Spaulding, Angela McNabb
This report examines part of a qualitative study on the micropolitical classroom strategies, goals, and consequences that occur among the students and a teacher in an elementary classroom. The paper focuses on the students' micropolitical strategies and goals, and the resulting consequences on their classroom teacher. Micropolitics describes the ways in which individuals attempt to influence others through both cooperative and conflictive strategies. Analysis of the data, gathered through participant observation and interviews, revealed two subcategories of student micropolitical influence: passive resistance and aggressive resistance. Passive resistance--repetition, interruption, topic changes, ignoring, and partial compliance--is less direct and less confrontational than aggressive resistance which includes overt protests and use of intermediaries. The goal of passive resistance is to delay, distract, modify, or prevent teacher initiated activities that students dislike but are not willing to risk punishment to prevent; aggressive resistance is used without regard to the risks of punishment. While student resistance can provide feedback to help teachers better meet student needs, aggressive resistance can cause teachers to feel professional incompetence, personal discouragement, job dissatisfaction, and fatigue.

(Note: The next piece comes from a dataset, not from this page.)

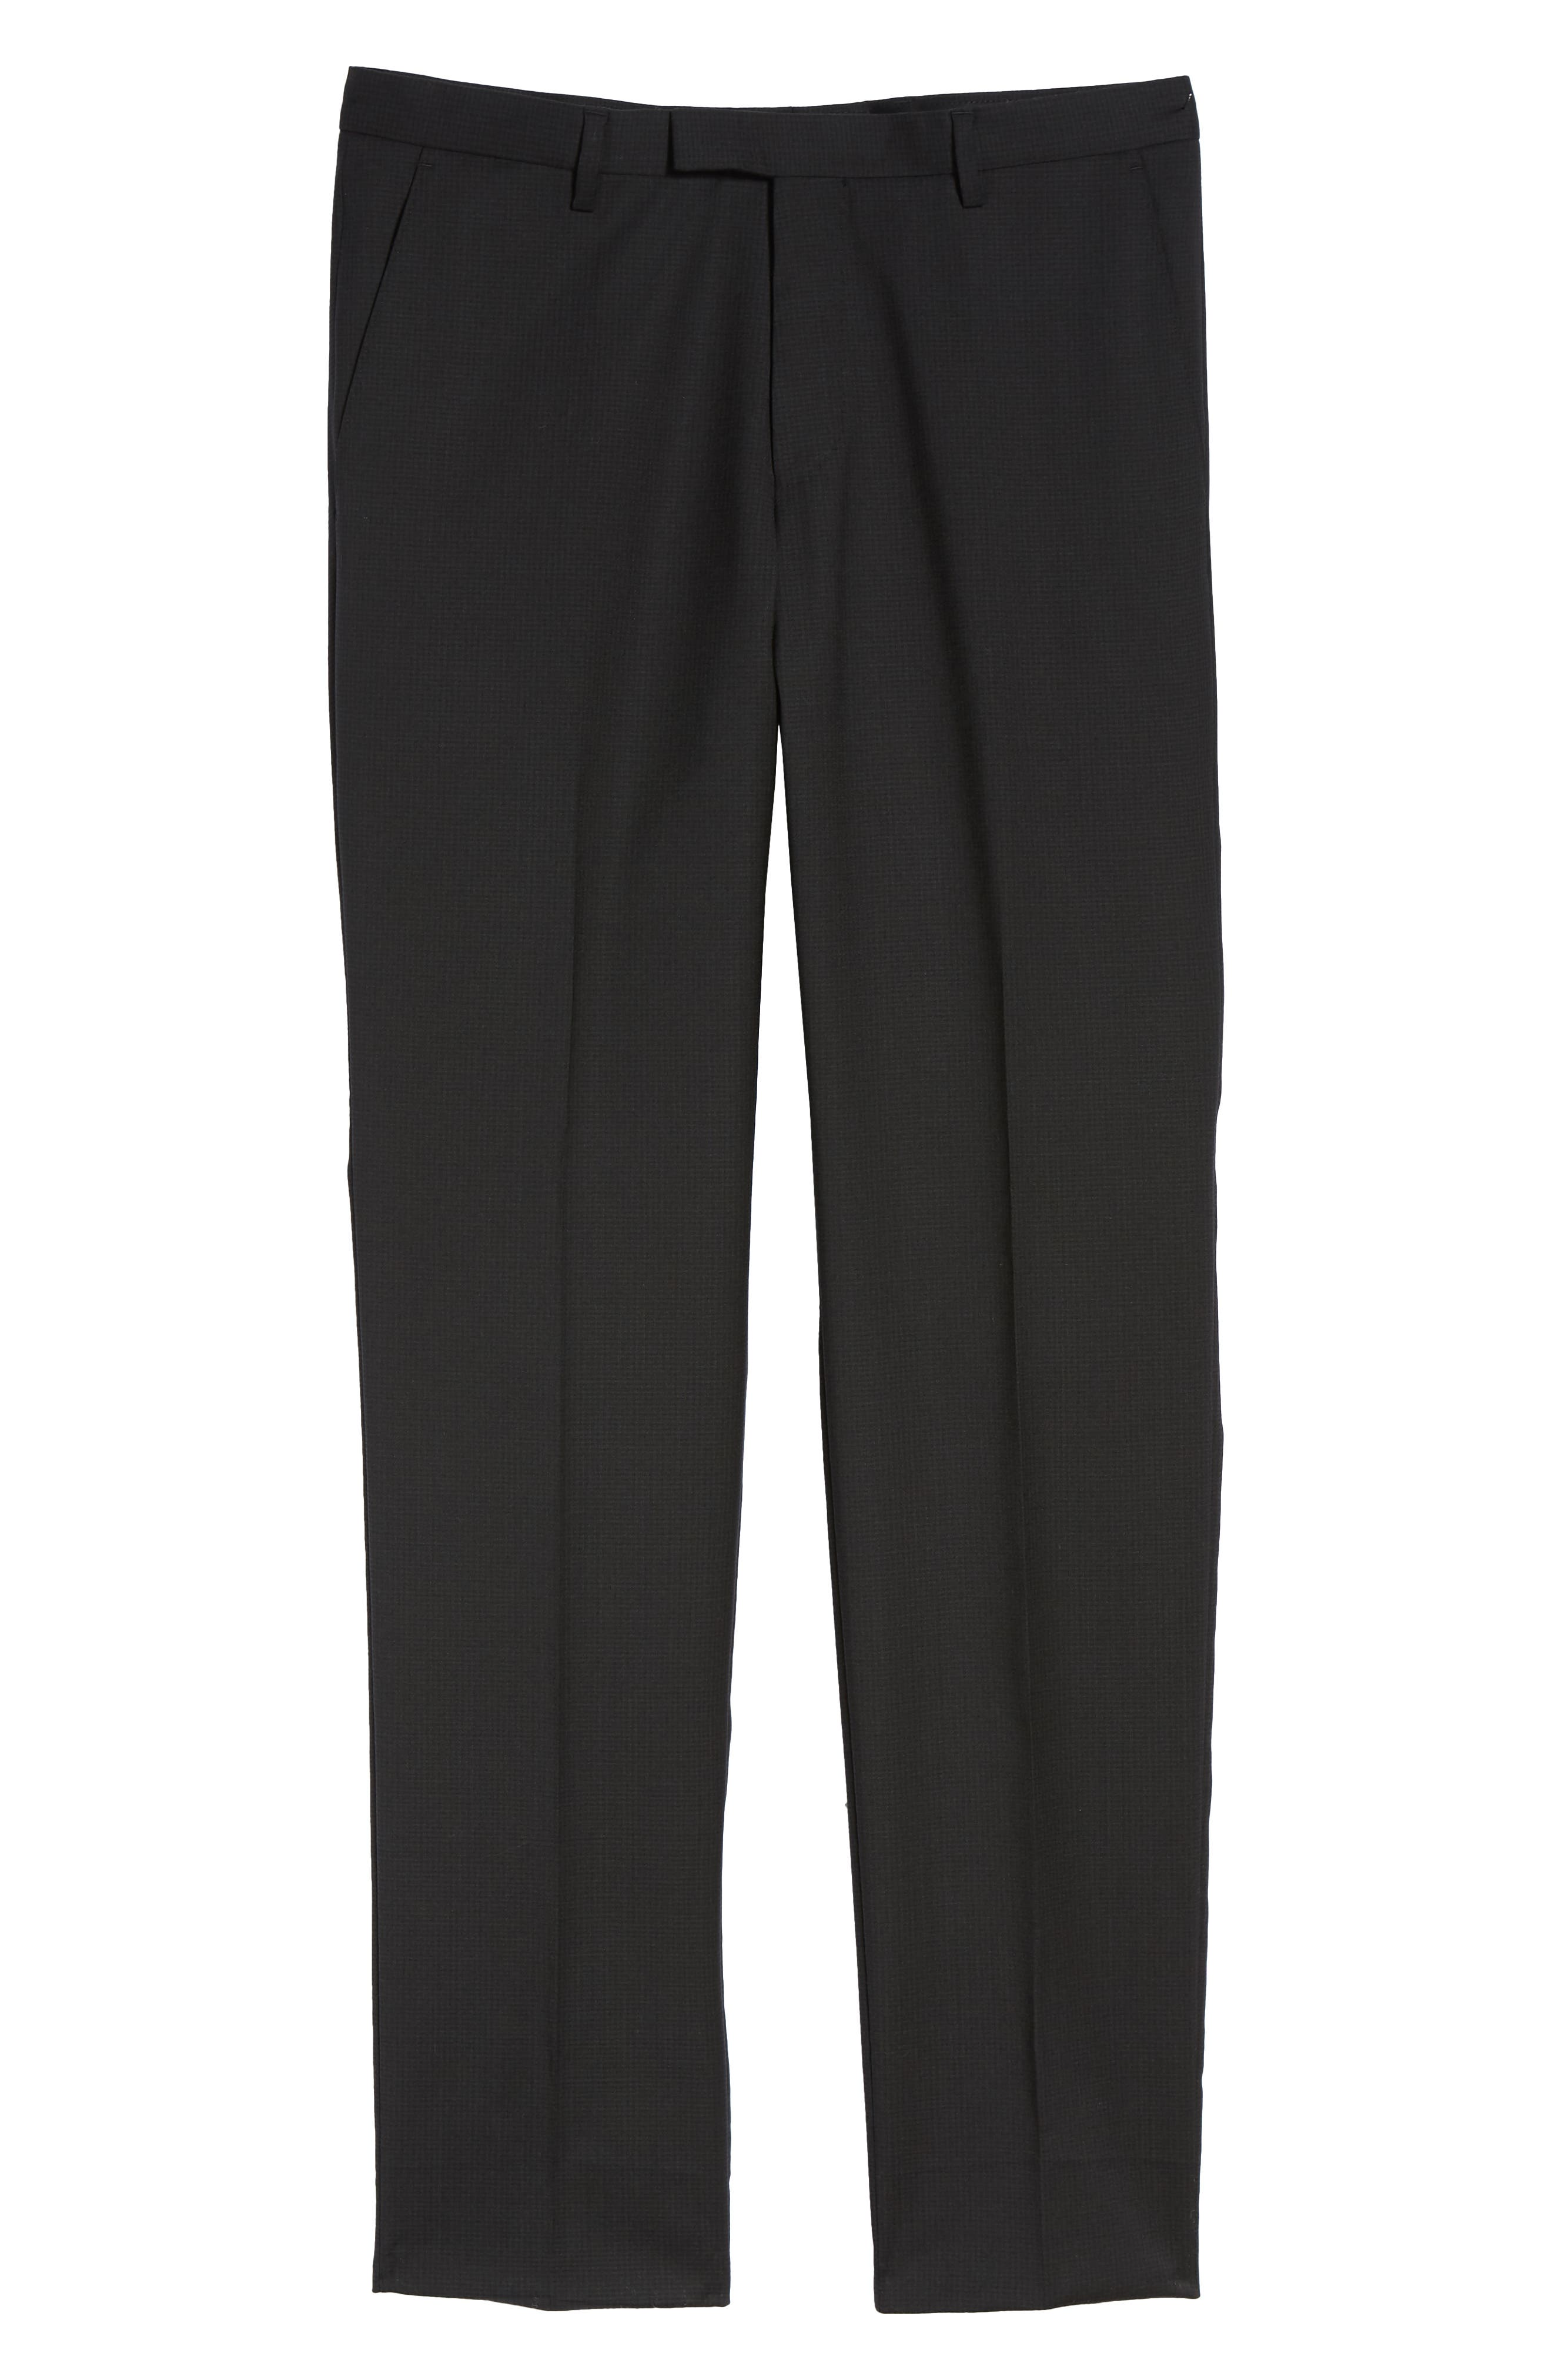 Leenon Flat Front Check Wool Trousers,                             Alternate thumbnail 6, color,                             BLACK

Findings suggest that teachers should be prepared to operate in a dynamic and highly micropolitical classroom. Teachers should also be aware of how their actions reinforce certain student micropolitical behaviors, develop a deep awareness of their own political strategies and goals, and understand how their strategies and goals affect students and influence teaching and learning. Recommendations for university teacher education programs include providing opportunities for teachers, both preservice and inservice, to develop micropolitical knowledge and to confront their own micropolitical behavior and analyze that of others. (Contains 39 references.) (ND)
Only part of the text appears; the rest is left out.